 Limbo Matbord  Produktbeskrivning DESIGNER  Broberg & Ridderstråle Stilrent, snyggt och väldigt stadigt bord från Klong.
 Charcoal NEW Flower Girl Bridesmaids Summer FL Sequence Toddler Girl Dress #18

::::::::

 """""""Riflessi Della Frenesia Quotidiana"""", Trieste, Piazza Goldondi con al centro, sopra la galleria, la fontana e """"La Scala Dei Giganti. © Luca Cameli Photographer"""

::::::::

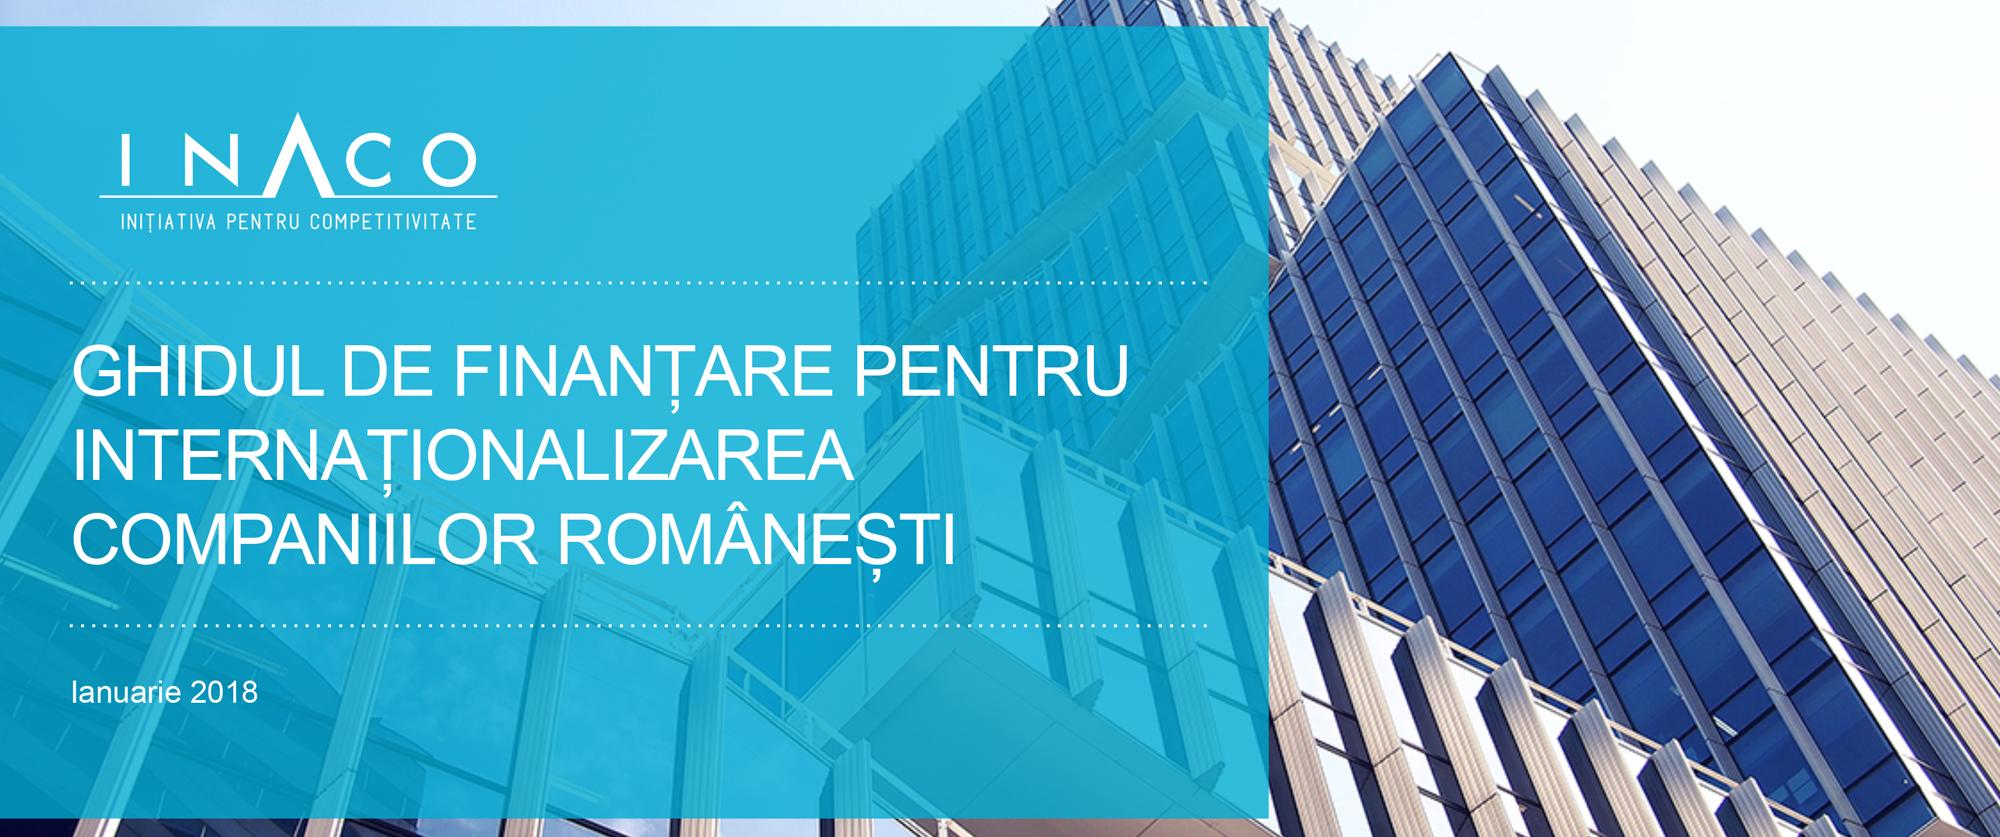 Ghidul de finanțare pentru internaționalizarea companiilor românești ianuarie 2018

::::::::

- _Work instruction_:
Output exactly the lines of the material above from the one containing "bord från Klong." up to and including the one containing "Charcoal NEW Flower".

- _Task result_:
 Limbo Matbord  Produktbeskrivning DESIGNER  Broberg & Ridderstråle Stilrent, snyggt och väldigt stadigt bord från Klong.
 Charcoal NEW Flower Girl Bridesmaids Summer FL Sequence Toddler Girl Dress #18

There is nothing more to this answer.